Main Article Content
Speech is a key means of communication. Nowadays, speech is becoming a more common, if not standard, interface to technology. This will be seen within the trend of technology changes over the years. Increasingly, voice is employed to regulate programs, appliances and private devices within homes, cars, workplaces, and public spaces through smartphones and residential assistant devices using Amazon's Alexa, Google's Assistant and Apple's Siri, and other proliferating technologies. This is often achievable with the help of Automatic Speech Recognition (ASR). Automatic Speech Recognition is a process that accurately translates spoken utterances into text. These technologies enable machines to reply correctly and reliably to human voices and supply useful and valuable services. As communicating with computer is quicker using voice instead of using keyboard, so people will prefer such system. Communication among the person is dominated by speech, therefore it’s natural for people to expect voice interfaces with computer. This can be accomplished by developing speech to text which allows computer to translate voice request and dictation into text. The three models in traditional ASR system are acoustic model, language model and lexicon model. The challenges involved in Automatic Speech Recognition are different styles of speech, environment which include background noise and also accent of speaker. To mitigate these challenges, deep learning models are utilized. The main idea is to analyses features of input audio signals such as spectrogram and MFCC and to develop cutting edge deep learning models. The proposed end-to-end model achieved an error rate of 0.60 on Librispeech dataset.

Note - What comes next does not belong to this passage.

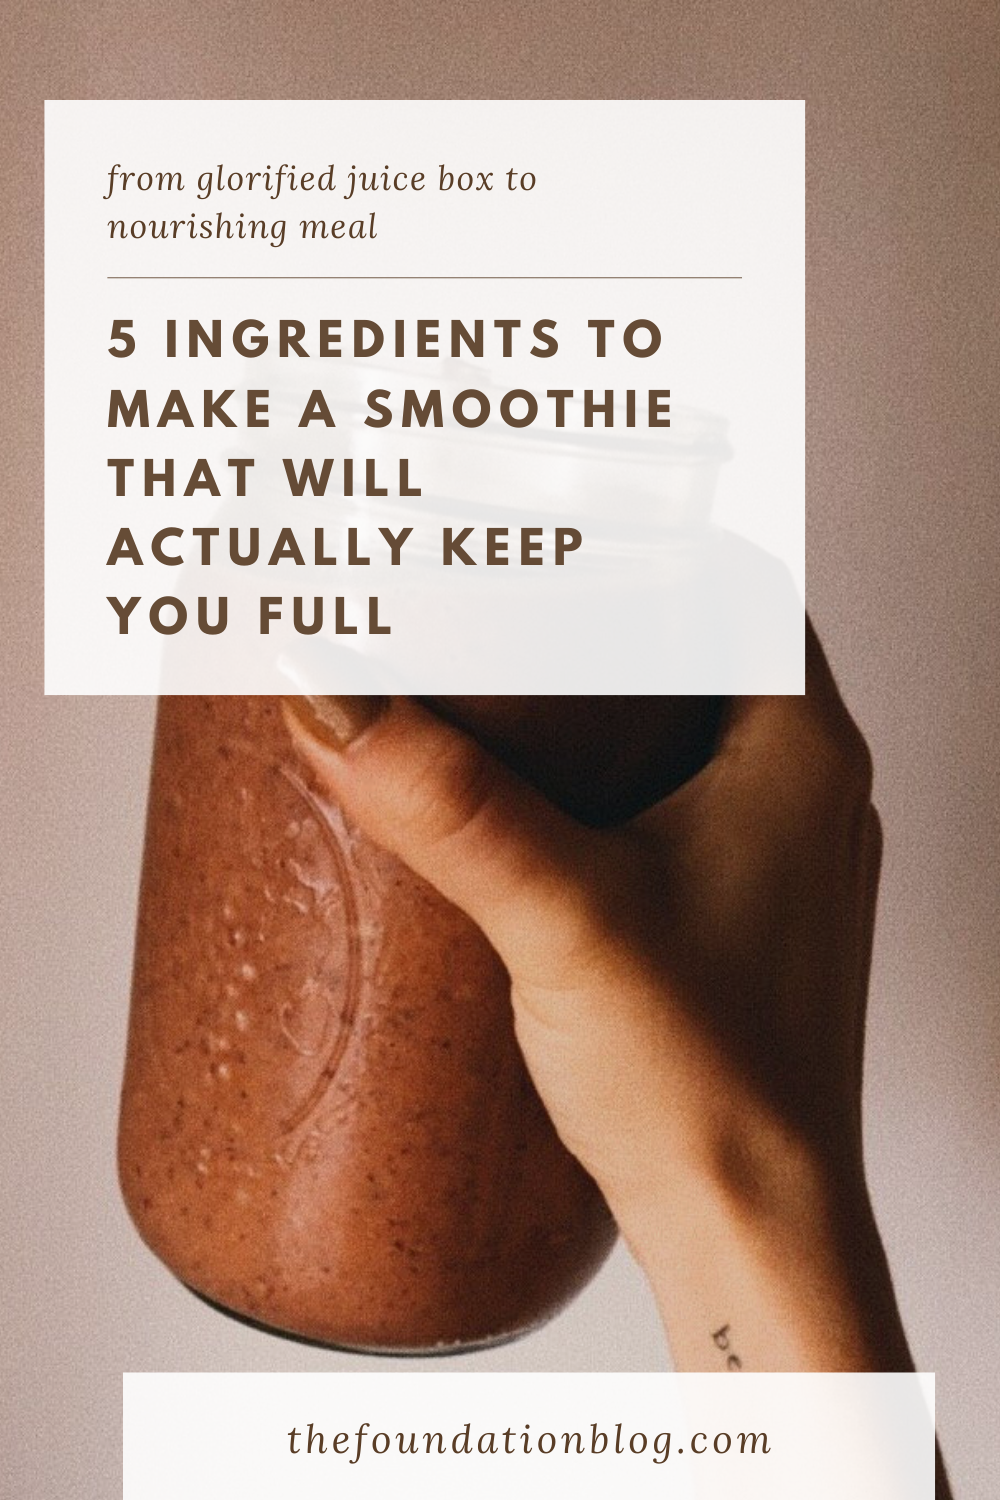 Smoothie tips

TURCOMAT publishes articles under the Creative Commons Attribution 4.0 International License (CC BY 4.0). This licensing allows for any use of the work, provided the original author(s) and source are credited, thereby facilitating the free exchange and use of research for the advancement of knowledge.
Detailed Licensing Terms
Attribution (BY): Users must give appropriate credit, provide a link to the license, and indicate if changes were made. Users may do so in any reasonable manner, but not in any way that suggests the licensor endorses them or their use.
No Additional Restrictions: Users may not apply legal terms or technological measures that legally restrict others from doing anything the license permits.